IMAGE IS EVERYTHING, AND FISH IS NOTHING

Kamchatka is in the throes of the latest fishing scandal: the other day, Kamchatrybvod, a unit of the State Fisheries Committee, noisily expelled its own press center. Kamchatrybvod — the Kamchatka Basin Administration for the Conservation and Reproduction of Fish Stocks and Regulation of Fishing — manages the allocation of quotas for marine bioresources (fish, crabs, etc.), and also monitors and conserves fish in rivers and the coastal zone. For obvious reasons, it is one of the most influential and richest organizations in Kamchatka and indeed in the entire Russian Far East.
Kamchatrybvod has had good luck for a long time: for several years, it was run by people with initiative, who created a model organization. In particular, they formed the Charitable Public Foundation for the Conservation of Bioresources (the North Pacific Foundation) under its Press Center, which published the similarly named magazine and newspaper Tikhookeanskiy vestnik ("Pacific Review"), known throughout the Far East (and in environmental circles, far beyond). It also operated the Far Eastern Fishermen’s Movie Studio.
These media projects had an obvious environmental orientation, and exposed more than a few cases of corruption, both within the fishery administrations and in the marine inspectors of the Federal Border Service, which is responsible for fish conservation on the open seas. To all appearances, these were the publications for which the editors had to pay. The journalists, called "public inspectors" by Kamchatrybvod, were fired "for failure… to produce positive results in their work" and deprived of access to the administration’s offices, while the Editor in Chief, Sergey Ivanovich Vakhrin (also the manager of the Kamchatrybvod Press Center) was warned and given a new job description. But what a description! Previously, the Basin Administration Press Center’s mission was formulated as "the conduct of public explanatory work among the population… on matters of the conservation of fish stocks, other aquatic bioresources and plants, and the regulation of their harvesting… The provision of information to specialists at Kamchatrybvod, the Fisheries Committee, territorial and regional administrations, and the public of fishing regions in the Far East and countries in the North Pacific region regarding urgent problems of conserving the fish stocks of the Kamchatka fishing basin." Now, the mission has been narrowed greatly: "the formation, using the mass media, of a positive public opinion of the activities of Kamchatrybvod and the State Fisheries Committee."
Thus, the work of the Kamchatka Press Center to uncover corruption in the fishing industry and to expose the role of various mafia organizations in the collapse of the Russian fishing industry, not to mention its conservation activities, which reflected well on the entire State Fisheries Committee system, was deemed unnecessary.
In personnel terms, fishing on Kamchatka has been ailing for a long time.

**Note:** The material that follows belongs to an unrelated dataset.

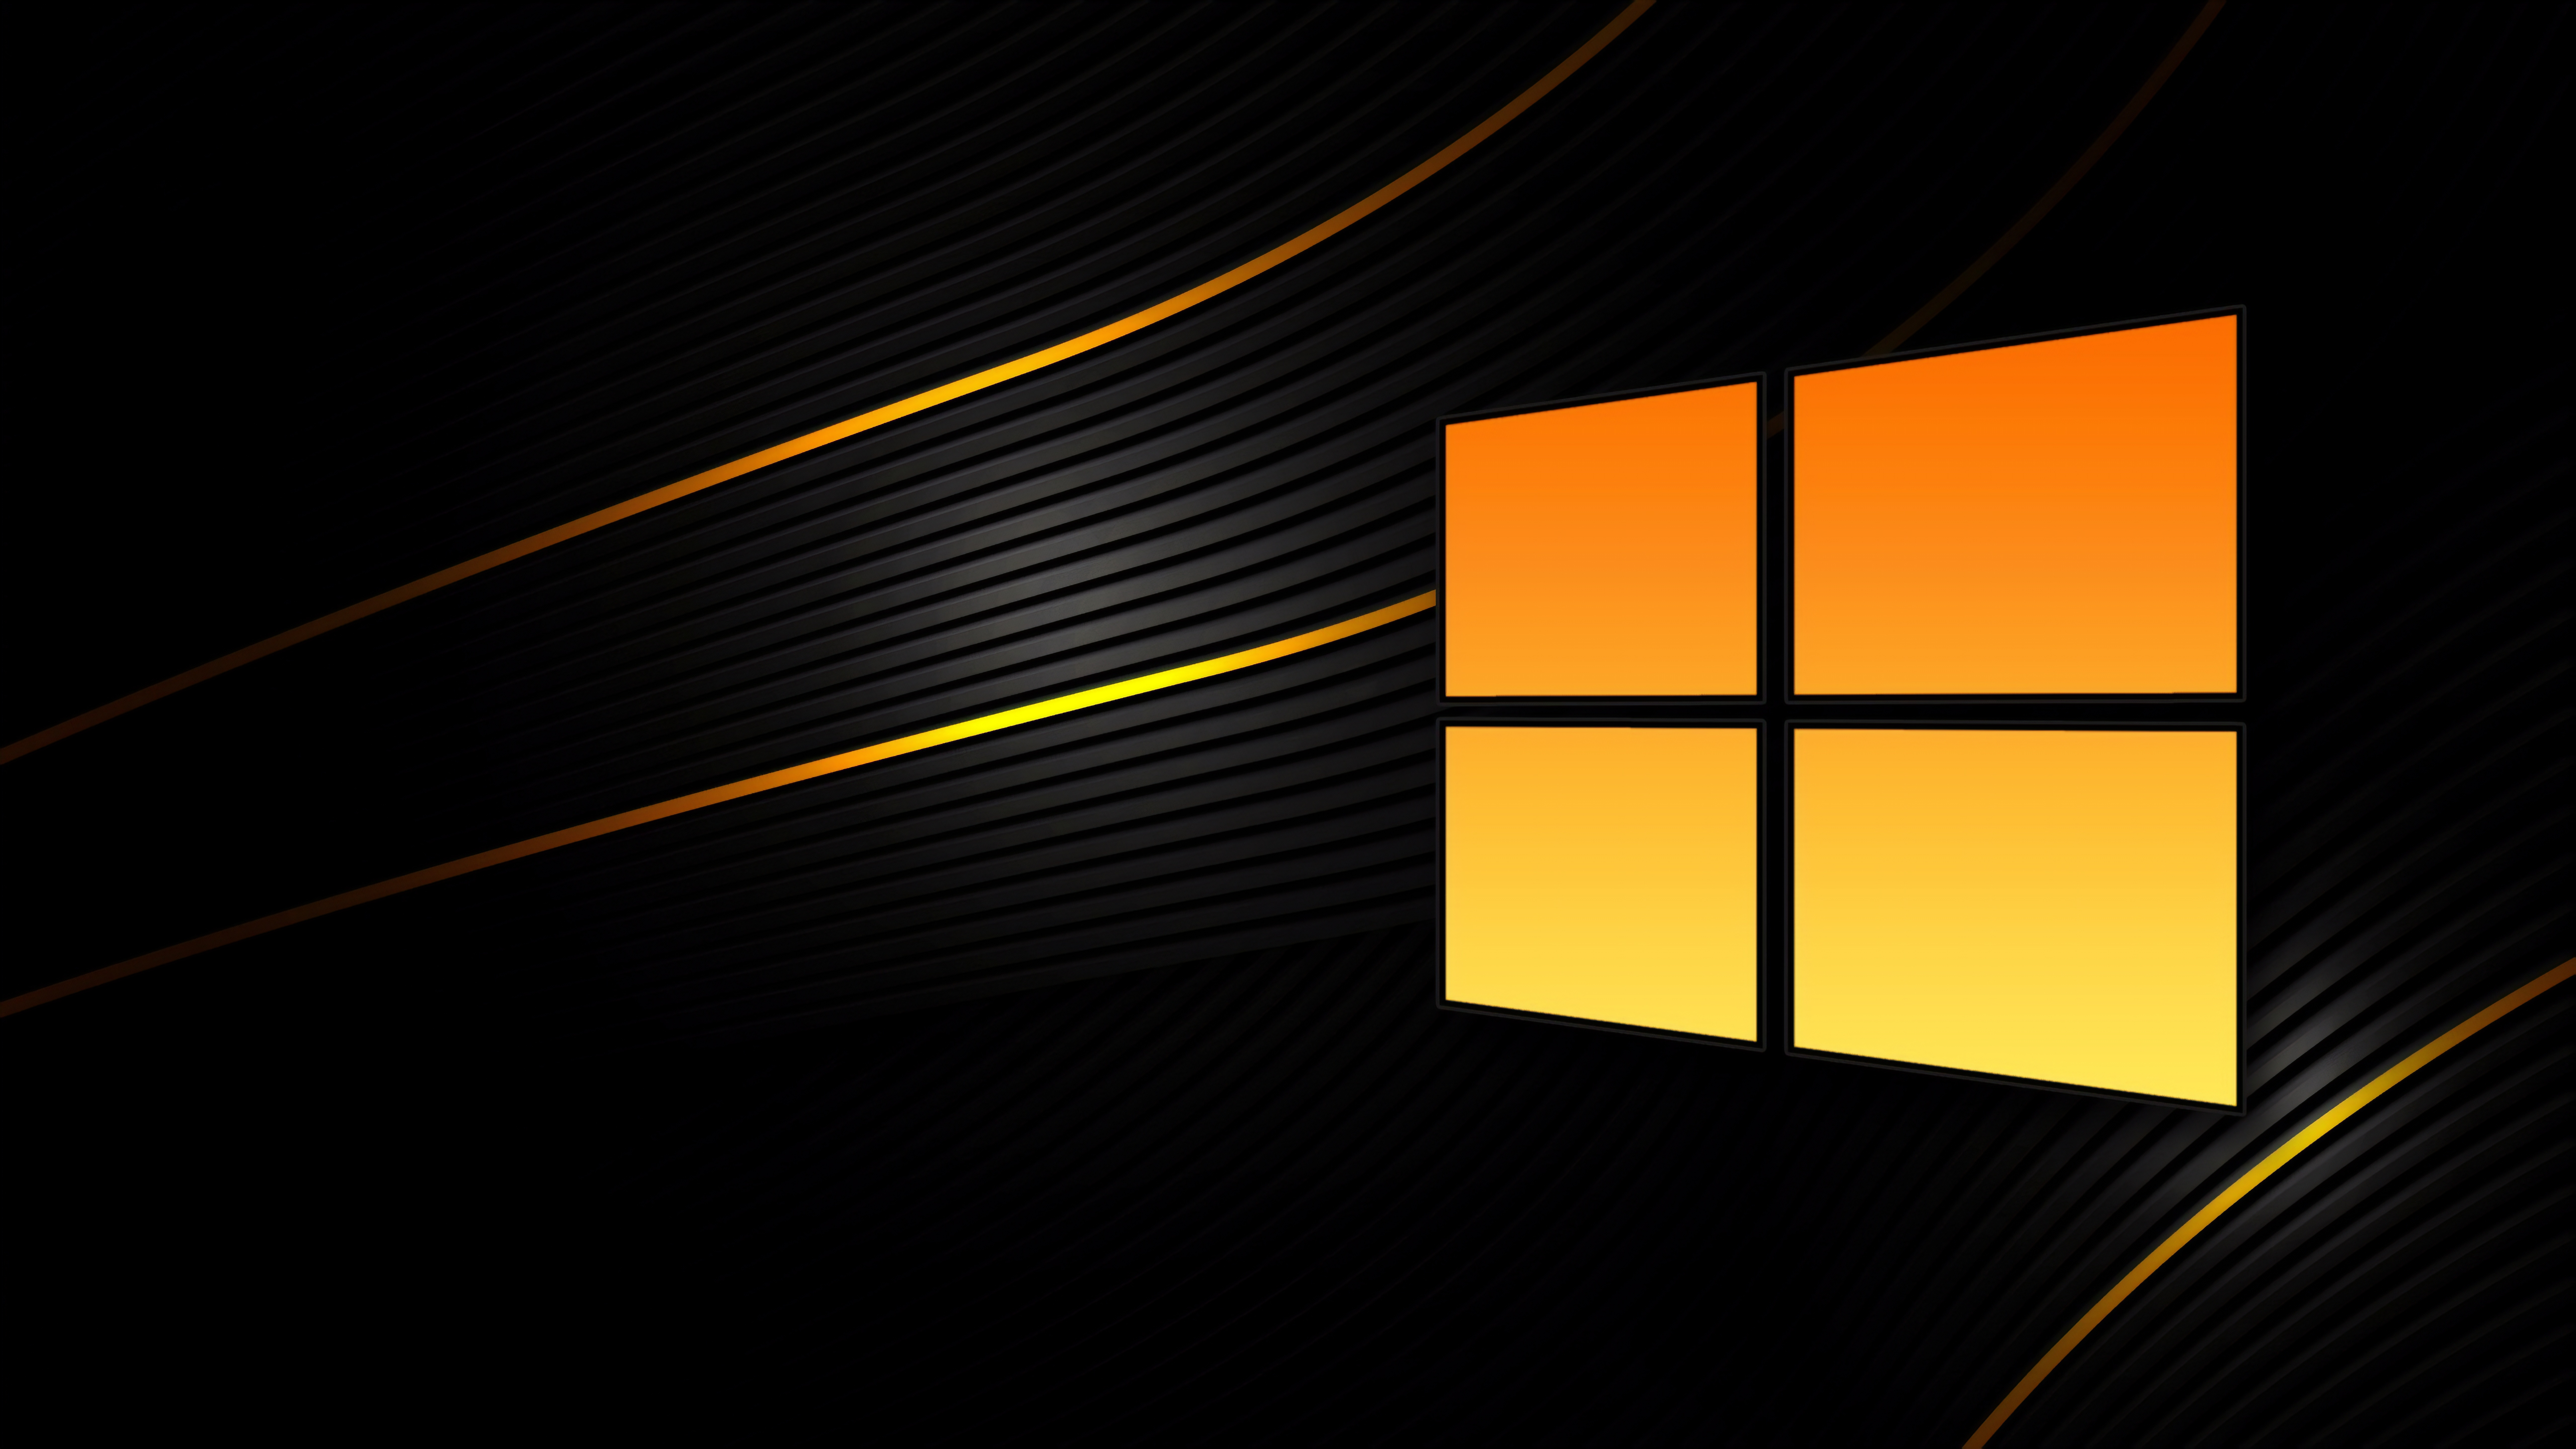 Windows 10 Wallpaper 4K, Black background, Abstract, Yellow, 5K, 8K ... Full Hd Wallpapers For Windows 8 1920x1080

First, the functions of fish conservation on the open seas were taken away from fishery managers and given to the Federal Border Service. The talented manager of Kamchatrybvod, Vladimir Burkanov, who was regarded as too active by the upper echelons, was forced to leave, and even to emigrate to the US. Early this year, another scandal broke involving the management of the Border Troops’ Kamchatka State Marine Inspectorate: the three-time director of the Federal Border Service fired its manager, Aleksandr Kuzhim, but he was later reinstated by a court…
It’s not surprising: fish conservation departments on the peninsula stand in the way of giant rivers of money of a completely nonregional nature. But whereas analysts linked the Kuzhim scandal to a struggle for the right to trade in contraband concealed by businessmen acting under the cover of the Russian Orthodox Church, the present scandal involving Sergey Vakhrin and his publications is obviously tied to the approaching division of fish.
People in Kamchatka believe that Moscow’s recent appointee as the next head Kamchatrybvod, Aleksandr Zheltyshev (the previous, "pro-Kamchatka" head, Vladimir Rezvanov, was fired by the State Fisheries Committee without explanation) is under orders to clear the way to Kamchatka’s shores for a monster from Vladivostok, the Far Eastern Marine Product Public Joint-Stock Company Holding Company (Dalmoreprodukt). This well-known offshore entity, largely beholden to foreign capital, uses ocean-going supertankers in coastal waters, long ago packing the depleted waters of the southern Far East with them.
It is clear that in the context of the illegal division, the extra eyes and ears of ecologists and the press, as well as those in Kamchatrybvod itself, are simply dangerous to the new team. Admittedly, no criminal charges have yet been filed against the reporters from Petropavlovsk-Kamchatsky, nor against Grigory Pasko, but it would surprise no one; after all, the ecologists have no intention of surrendering. The Northern Pacific and Pacific Review will continue publishing independently; the editors have already moved to a new office.